Морфологическое исследование почек после заражения S. aureus №6 иммунизированных и интактных животных
При использовании модели развития генерализованного процесса было отмечено, что иммунизация «исходным» (3,0 мкг) и II (1,2 мкг) антигенами снижает высеваемость S. aureus из селезенки и почек мышей после р/о заражения по сравнению с контролем (неиммунизированными животными). В исследованиях по конструированию стафилококковых вакцин для определения протективных антигенов ряд авторов, изучавших влияние различных поверхностных железорегулируемых белков и коагулазы, показали целесообразность использования «почечной» модели, которая основана на изучении формирования в почке абсцессов [50, 92]. Влияние предварительной иммунизации на тяжесть течения инфекции при последующем заражении S. aureus изучено по морфологическим изменениям в почках мышей.

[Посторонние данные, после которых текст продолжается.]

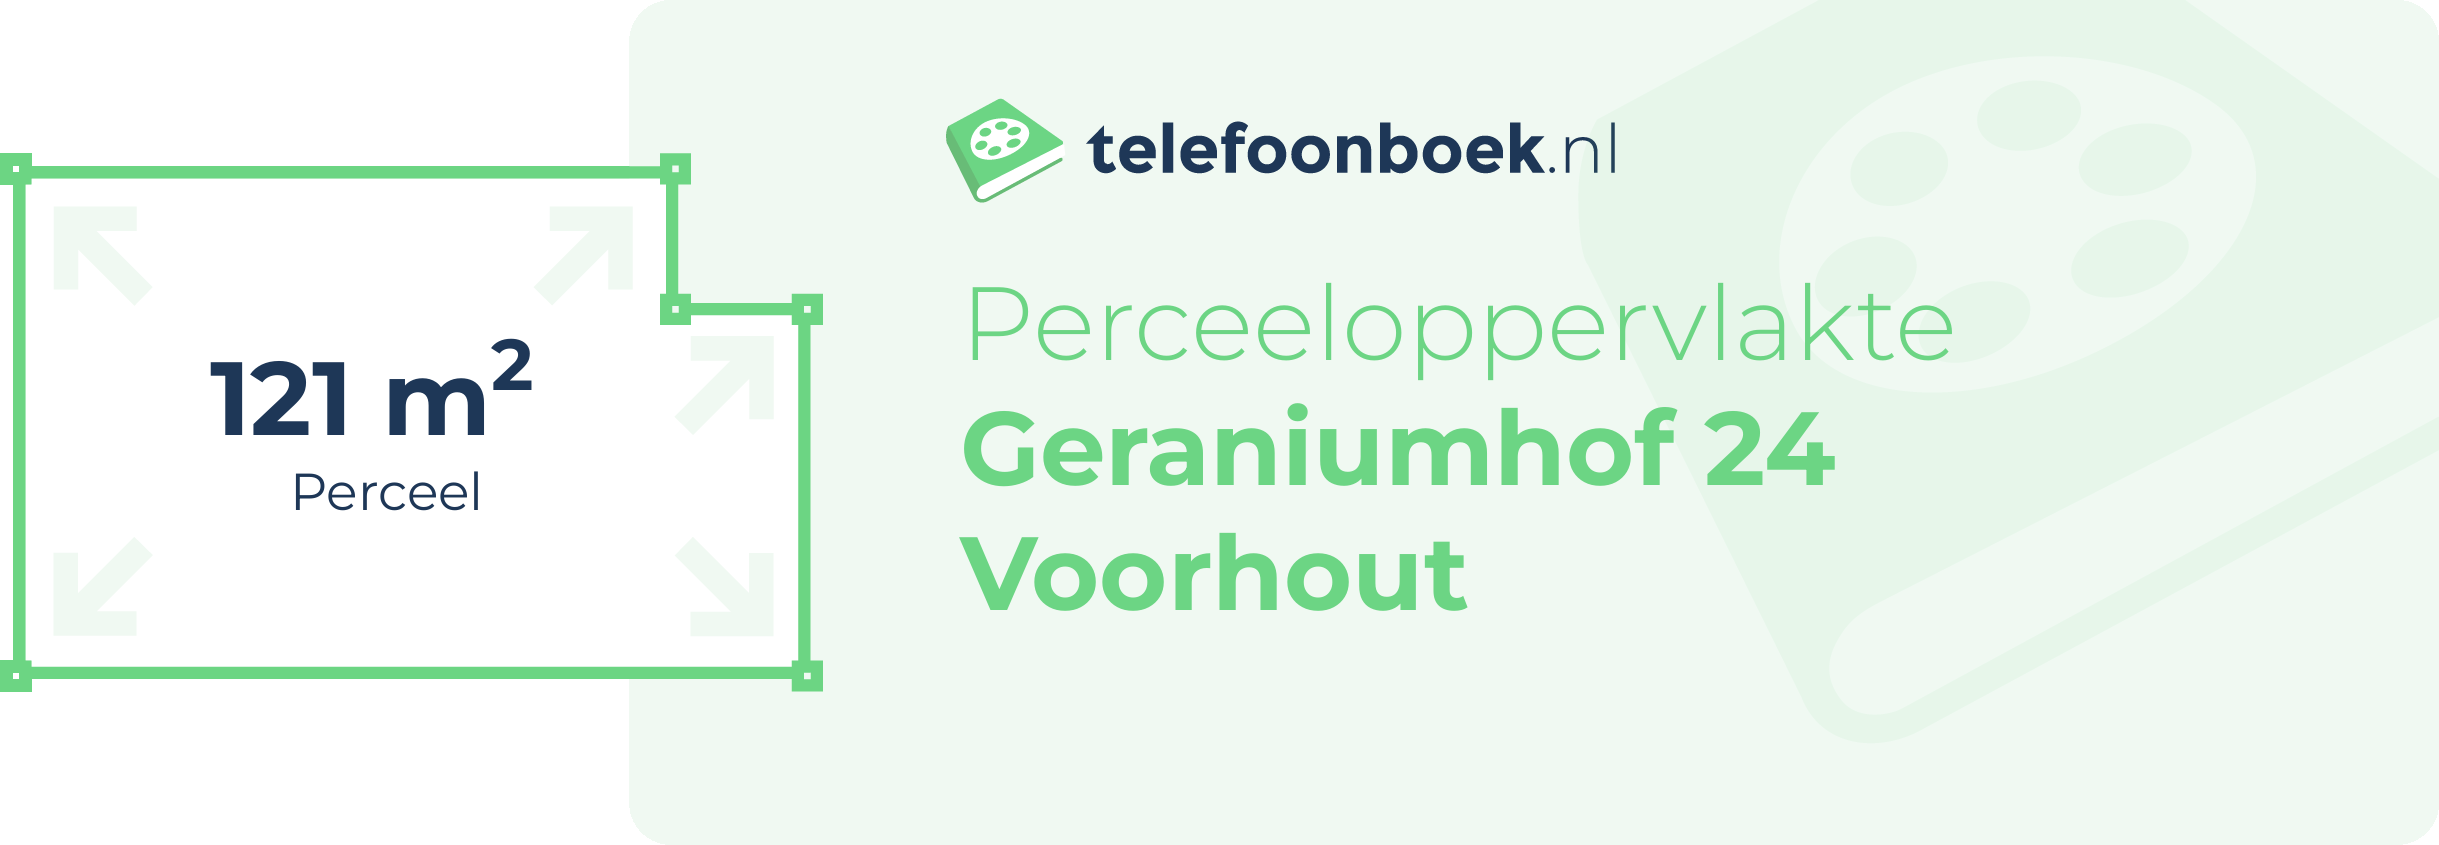 Perceeloppervlakte Geraniumhof 24 Voorhout

С этой целью модифицирована «почечная» модель при генерализованной стафилококковой инфекции, развившейся после заражения S. aureus № 6: на серийных срезах препаратов почки изучали по 20 полей зрения и проводили соответствующий анализ полученных результатов.

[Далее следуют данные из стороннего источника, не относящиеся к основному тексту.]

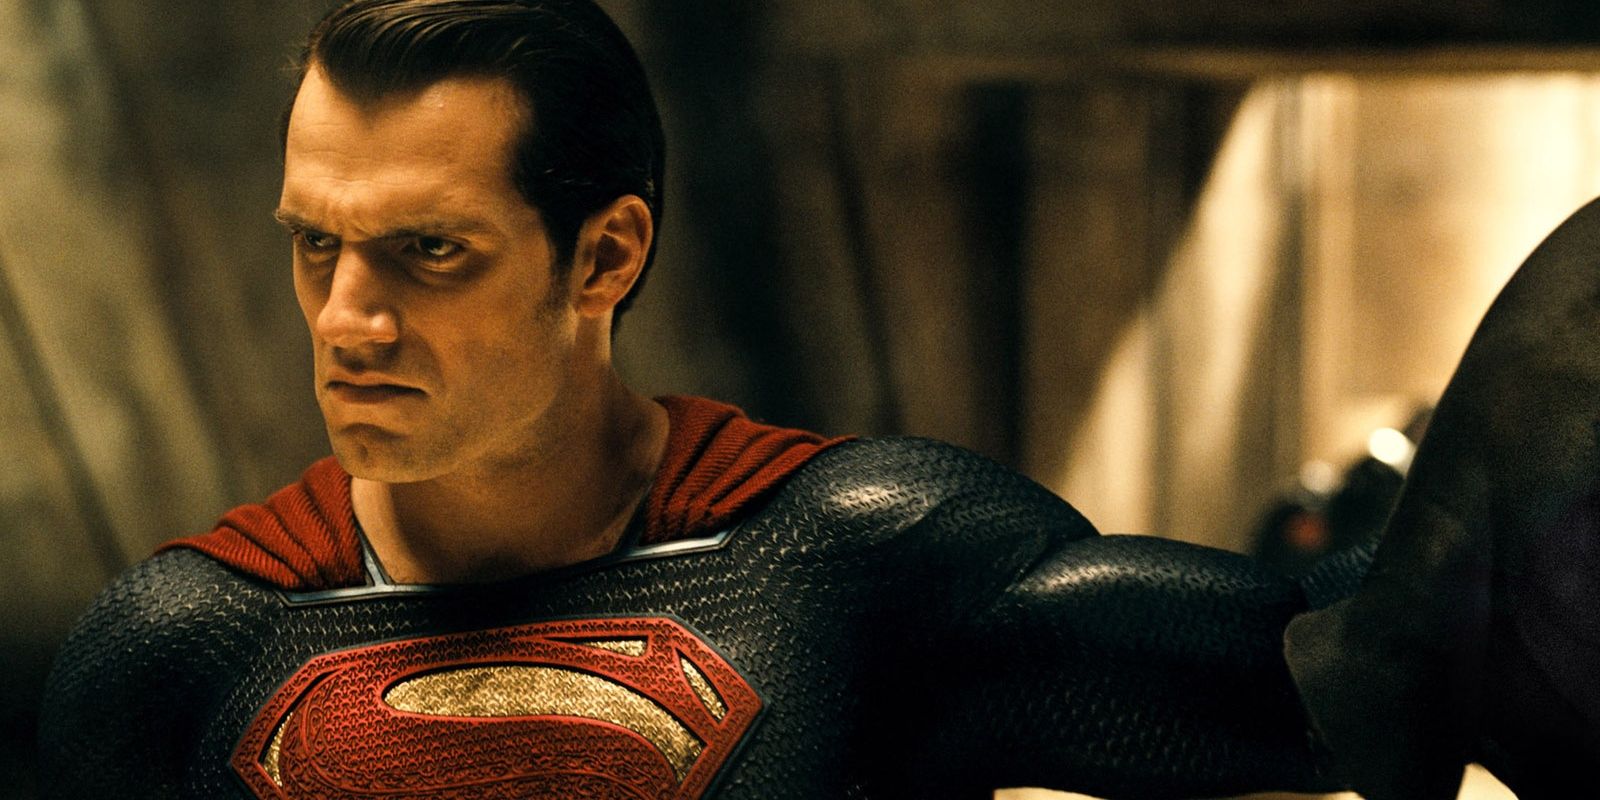 Henry Cavill as the Man of Steel in Batman v Superman

Изучение морфологических изменений, развивающихся в почках после заражения S. aureus № 6 мышей, иммунизированных «исходным» антигеном, показало наименьшие изменения при иммунизирующей дозе 3,0 мкг, проявившиеся в межканальцевой и периваскулярной лейкоцитарной инфильтрации, полнокровии сосудов, отечности клубочков, единичных очагах гидропической дистрофии проксимальных канальцев коркового вещества, слабо-умеренные признаки атрофии отдельных канальцев (расширение просветов отдельных канальцев и уплощение эпителия) (рис. 13В). Более значительные изменения в почечной ткани отмечены после заражения S. aureus № 6 мышей, иммунизированных минимальной (0,75 мкг) и максимальной (12,0 мкг) дозами «исходного» антигена. Так, при минимальной дозе, кроме межканальцевой и периваскулярной лейкоцитарной инфильтрации, наблюдались гиперемия и стаз крови в сосудах, активация мезангиальных клеток в почечных тельцах. Отмечалась более выраженная диффузная гидропическая дистрофия эпителия канальцев, обнаруживались абсцессы, вокруг которых видны канальцы с некрозом эпителия, заполненные белковыми массами, и атрофия канальцев различной степени выраженности (рис. 13А, Б). При максимальной дозе, помимо изменений, выявленных при других дозах, отмечены лейкоцитарные массы внутри сосуда, изменение формы почечных телец (неровные контуры) (рис. 13Г). В то же время, в контроле (неиммунизированные мыши, зараженные S. aureus № 6), морфологические проявления развития инфекционного процесса в почках похожи на патоморфологию при остром пиелонефрите [28]: в слизистой оболочке лоханки и чашечек заметны гиперемия, кровоизлияния и лейкоцитарная инфильтрация. В межуточной ткани, помимо резкого изменения гемодинамики органа (нарушение циркуляции крови в виде гиперемии и стазовых явлений) и очагов кровоизлияний, наблюдались многочисленные лейкоцитарные инфильтраты с тенденцией к образованию абсцессов и гидропическая дистрофия (рис. 13 Д-1, Д-2). Так же отмечена атрофия почечных канальцев различной степени выраженности и многих почечных телец с уменьшением их размеров, изменением формы и нарушением структуры, вплоть до разрушения некоторых из них (рис. 13 Д-3). В мозговом слое выявлен некроз почечных сосочков (некротический папиллит), развившийся в результате действия бактериальных токсинов [28].